The inauguration of a U.S. president stands alone in terms of spectacle as a matter of public diplomacy. The United States is the only country in the world that puts its former leader and incoming leader on a stage out in the open for millions to see on an appointed day and time every four years. The Peaceful Transfer of Power is the very symbol of American democracy, and the pomp and circumstance of the occasion is watched around the world.

The inauguration also marked Trump’s first real act of public diplomacy. In giving us his vision of “America First,” Trump stated that “he alone” could fix the ills of America which existed because of “the ravages of other countries.” Compare this with his famous predecessor Ronald Reagan who put hope in the American people with a “national renewal” based on values that “sustain our national life.” The inaugural address normally serves as an important emblem of what an American president intends to project to the world. It is telling then that in lieu of promoting the full text of Trump’s speech, the State Department social media platforms selected less incendiary comments to promote.

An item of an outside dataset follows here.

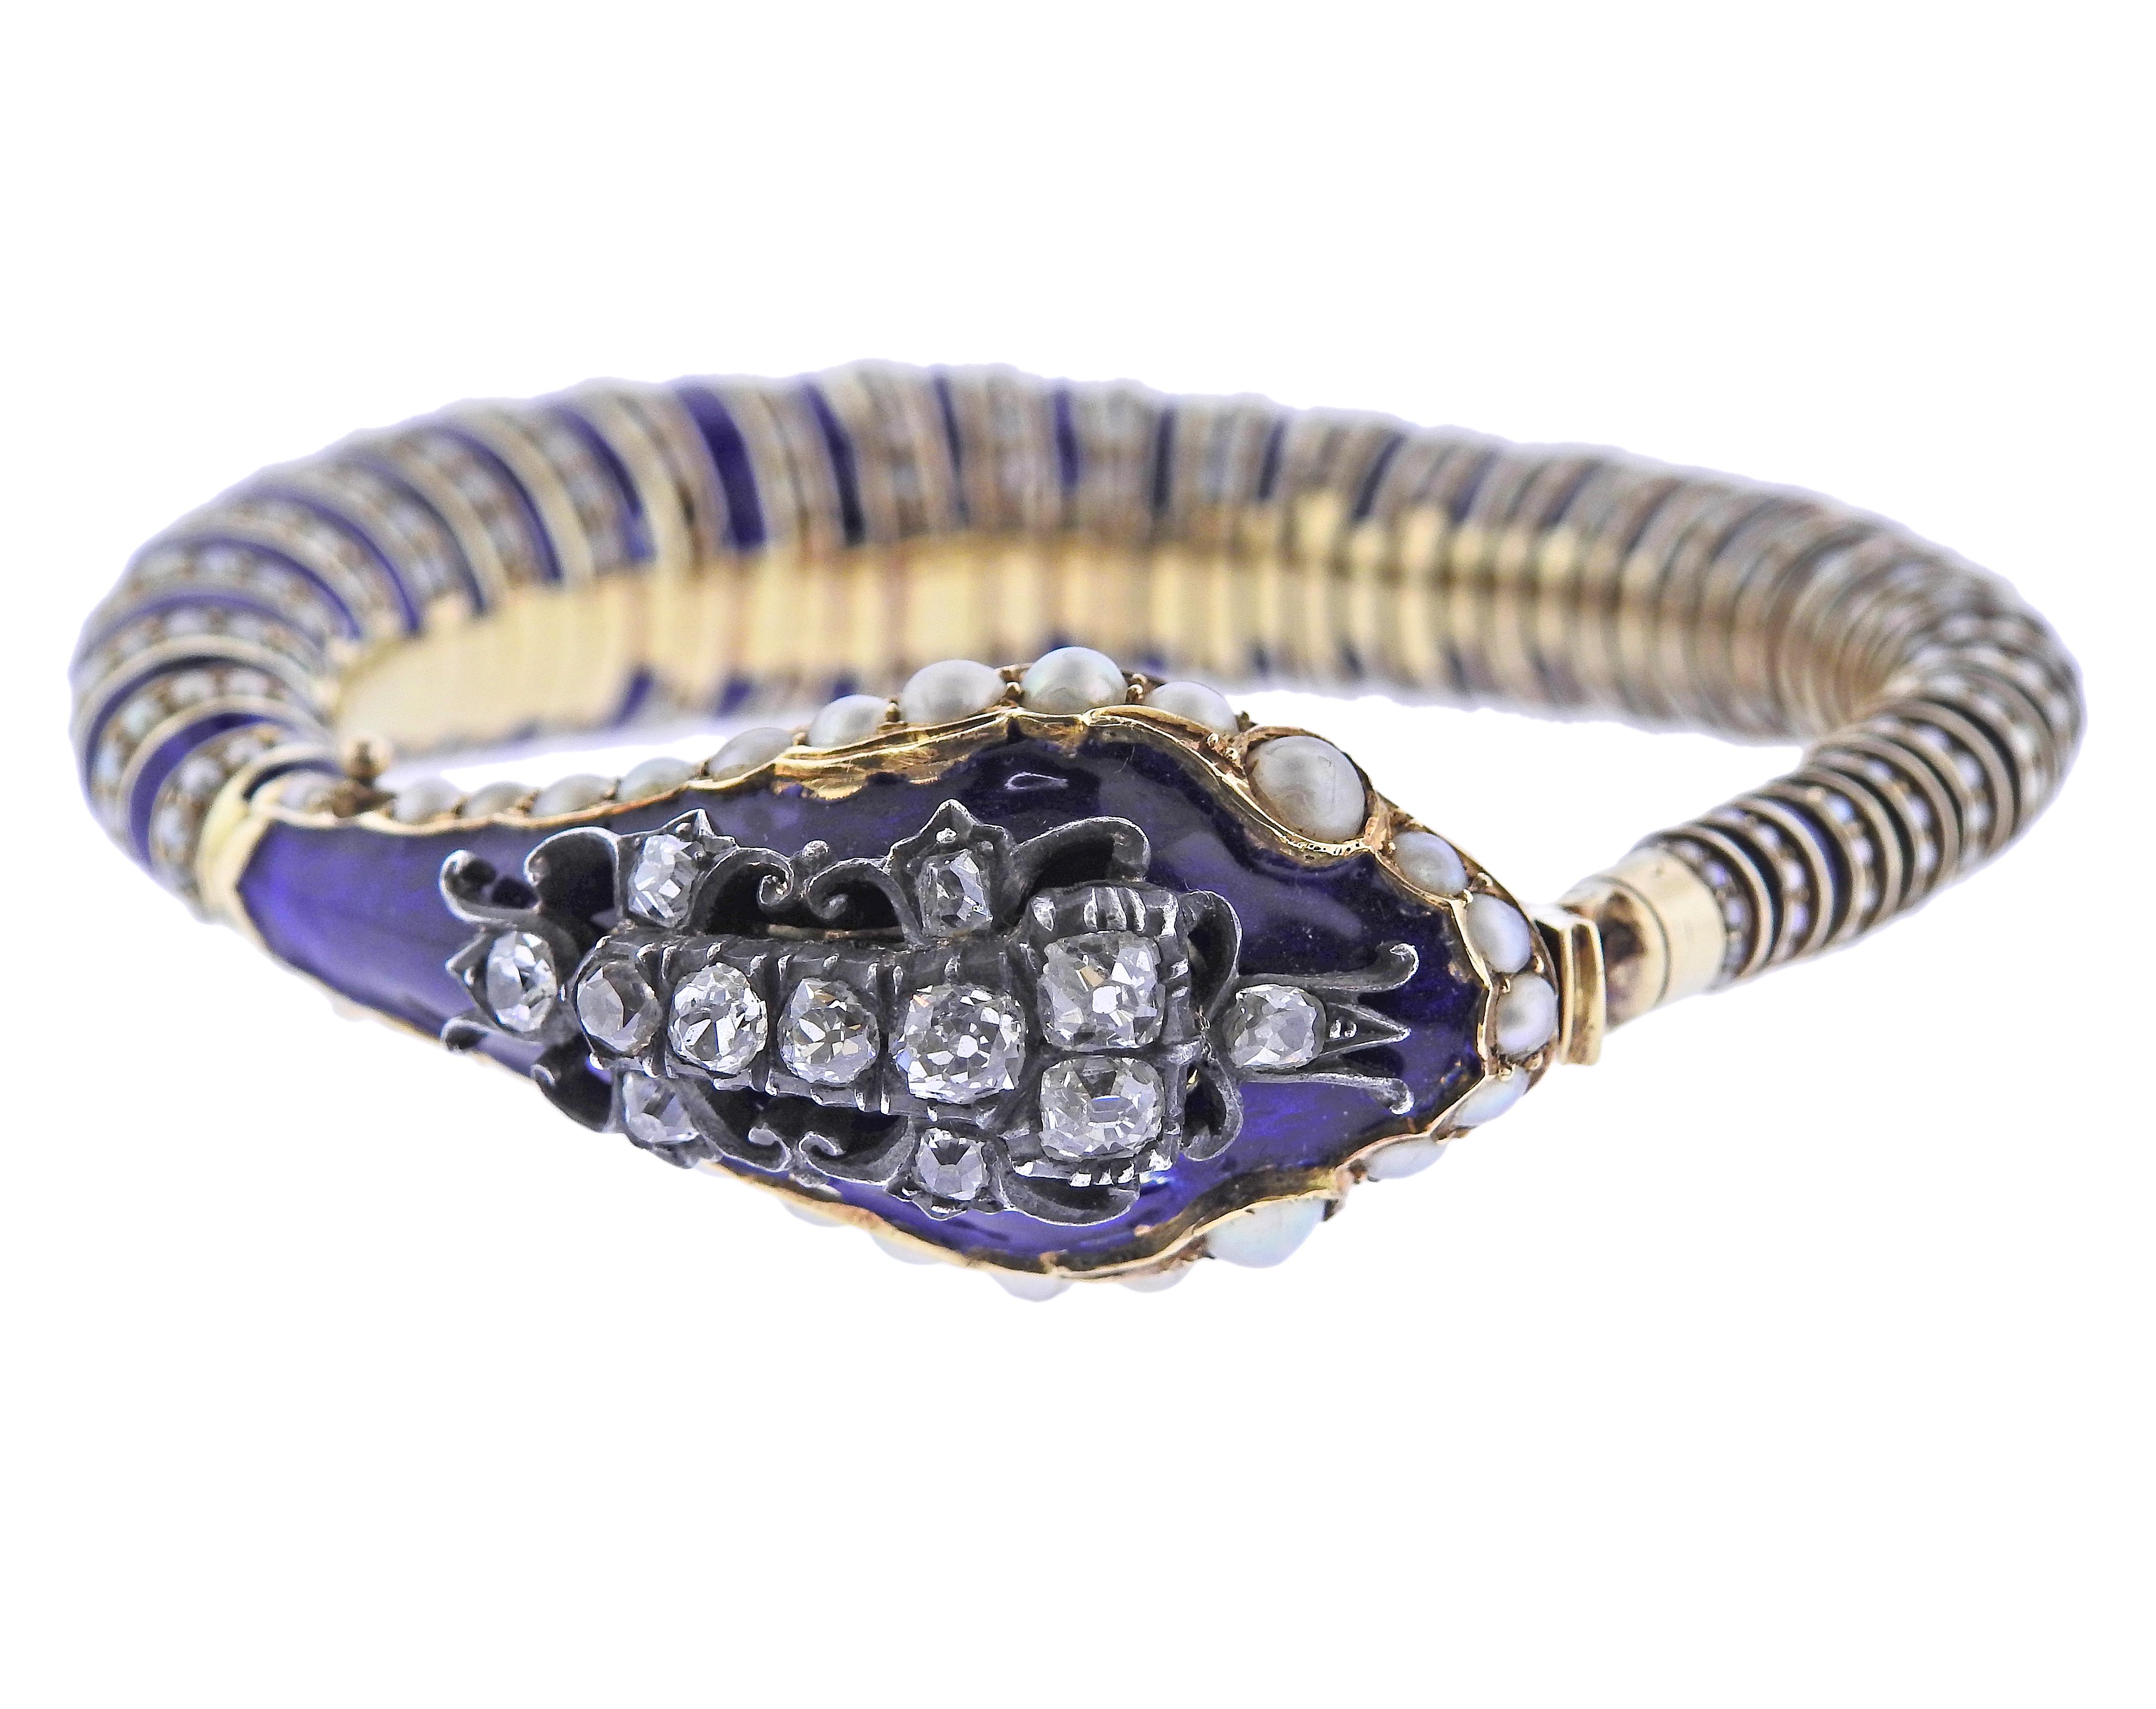 Exquisite Victorian 14k gold snake bracelet, featuring seed pearls, and old mine cut diamonds - approx. 1.20tw, with blue enamel. Bracelet is 7.25

In addition, instead of welcoming the new president with optimism, the world united to welcome the new American president by trolling him. A Dutch comedy show released a video imploring Trump (using his own unique linguistic expressions) to consider that if America was going to be first, perhaps he’d consider the Netherlands second. The video hailed the Dutch tax avoidance system among other things that Trump may like. It inspired many copycats: the Swiss hailing their poor treatment of women while the Iranian version attempts a real security message: clarifying the difference between Iran and Iraq in case the new president has a happy trigger finger.

Instead of generating goodwill toward America, Inauguration Day showed us that Trump’s bombastic rhetoric would indeed bleed into his governance and that worldwide, the damage was yet to come.